Estos comienzos de invierno son los que han recibido a Floreana. El Albergue es sobrio pero no es precario. Firme como un castillo de piedra, el viento no lo mece ni lo atraviesa la lluvia. Floreana está segura.
Ha desafiado su propia descripción de sí misma con esa impetuosa visita al policlínico. Segura en ese momento de que sus sentimientos eran pulcros, le entregó a la enfermera los paquetes de cigarrillos Kent. Son para el doctor, le dijo. Cuando la enfermera le preguntó si deseaba hablar con él, ella salió casi corriendo. No se detuvo hasta llegar al comienzo de la ladera. Allí respiró y fue como encontrarse con su propia persona de visita, mirándose sin reconocerse. ¡Dios de los cielos, mi desmesura! Pero reunir las energías para subir la colina era ya trabajoso en sí mismo, y en aquel esfuerzo postergó, como otras veces, la reprimenda que creía merecer.

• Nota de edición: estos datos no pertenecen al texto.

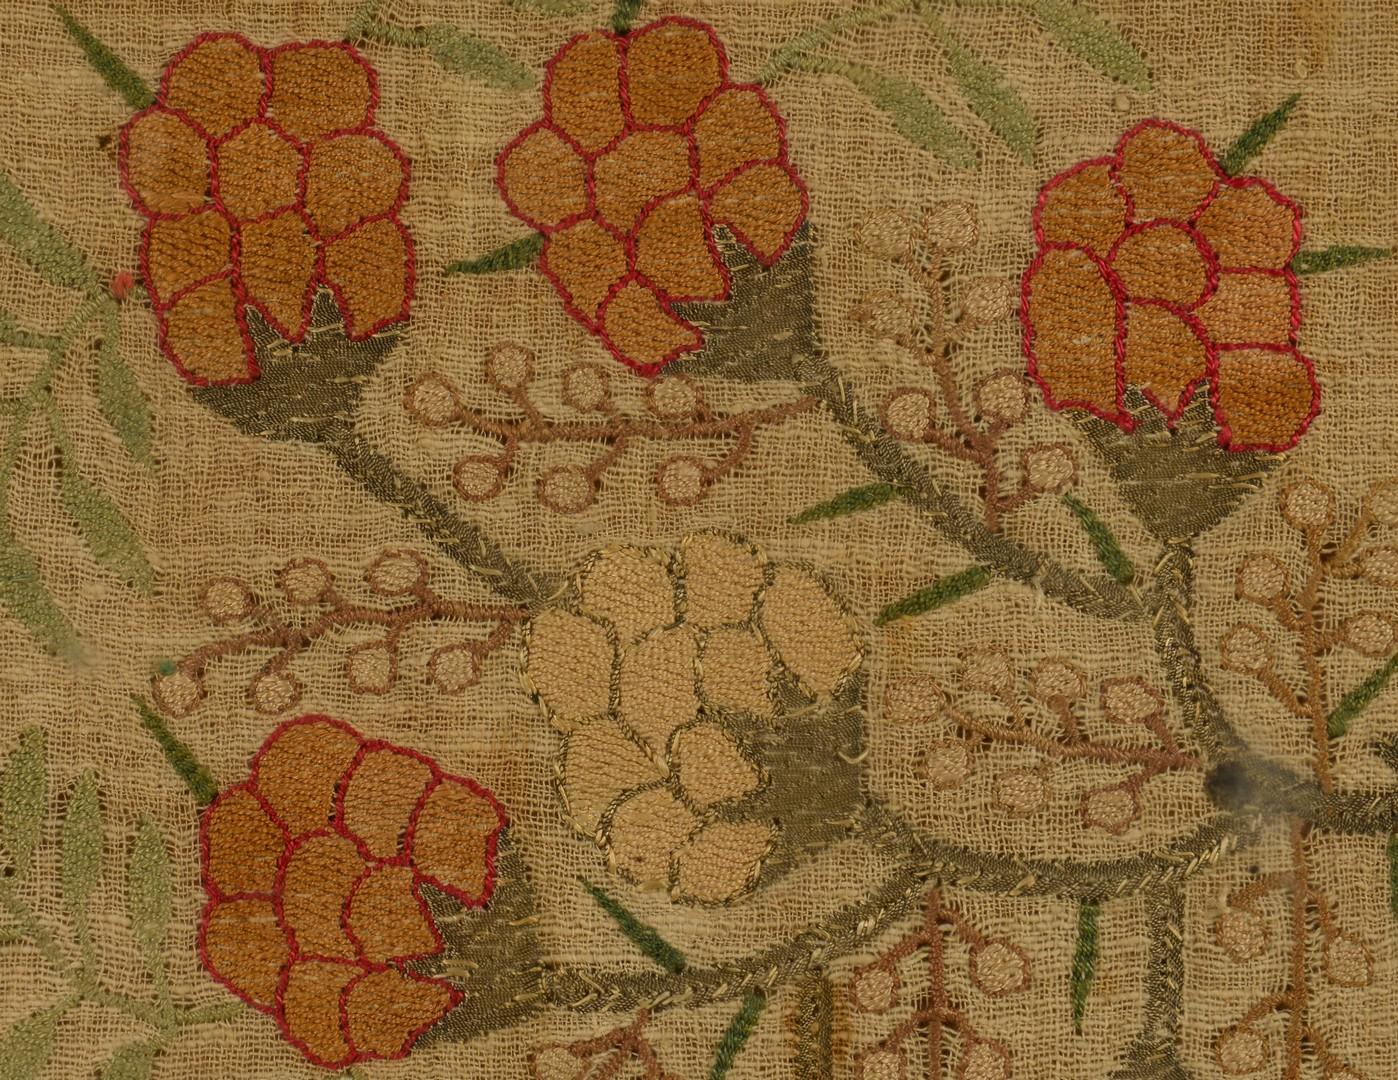 Lot 886: Early needlework textile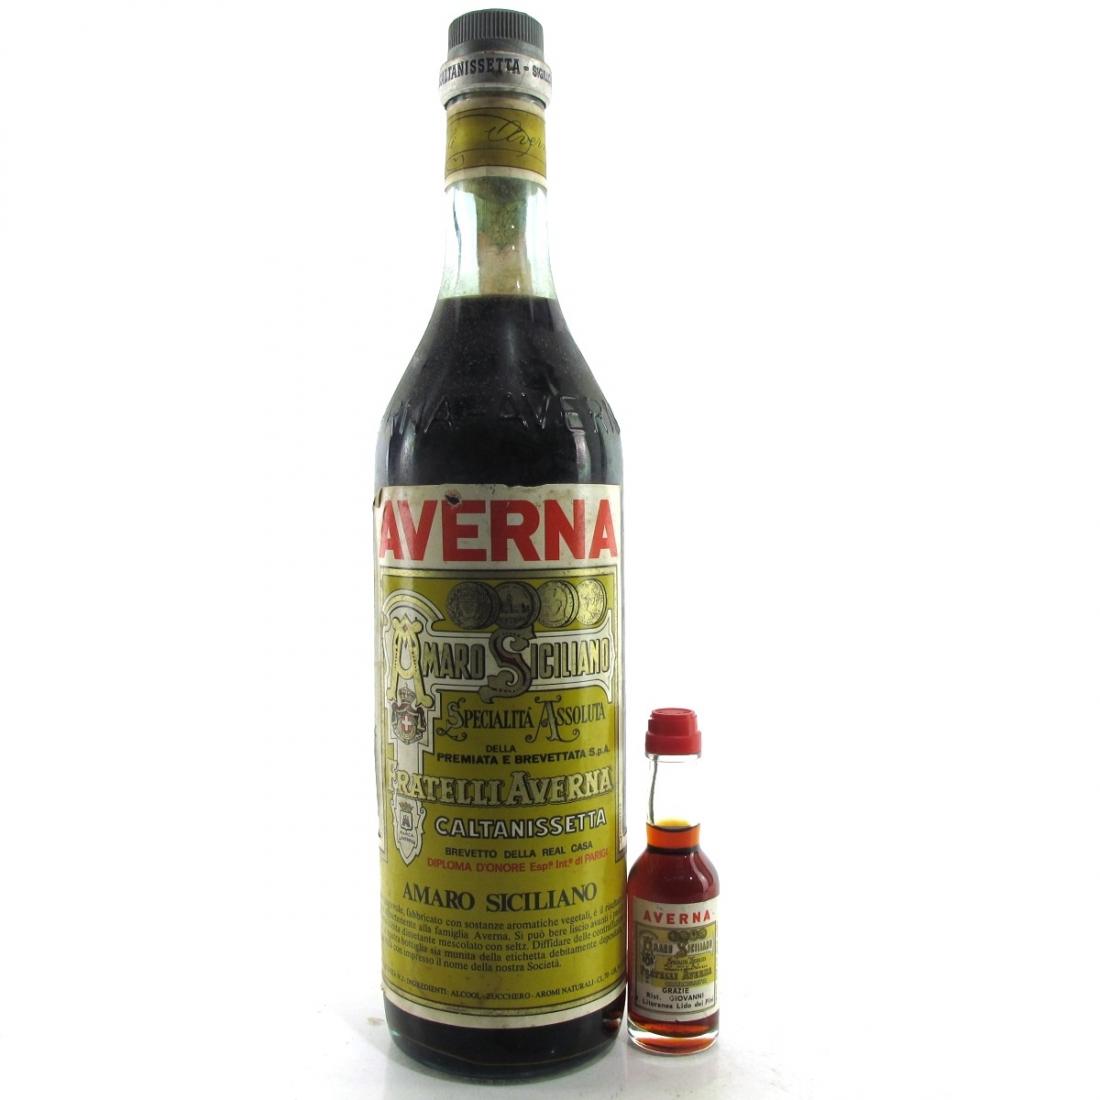 Averna Amaro Siciliano / including Miniature

El cementerio del pueblo, con sus tumbas mirando al mar desde lo alto, indiferente al estampido de las olas, se halla a medio camino de la subida. Majestuoso el paraje, humildes las moradas finales. A Floreana siempre le ha gustado visitar los cementerios en los lugares a los que llega, piensa que siempre entregan claves sobre sus habitantes. Se interna por la pequeña senda para acudir a esta primera cita. Entre las cuatro y media y las cinco se marca el inicio de la tarde para Floreana en estos días. Son las cuatro, aún es temprano.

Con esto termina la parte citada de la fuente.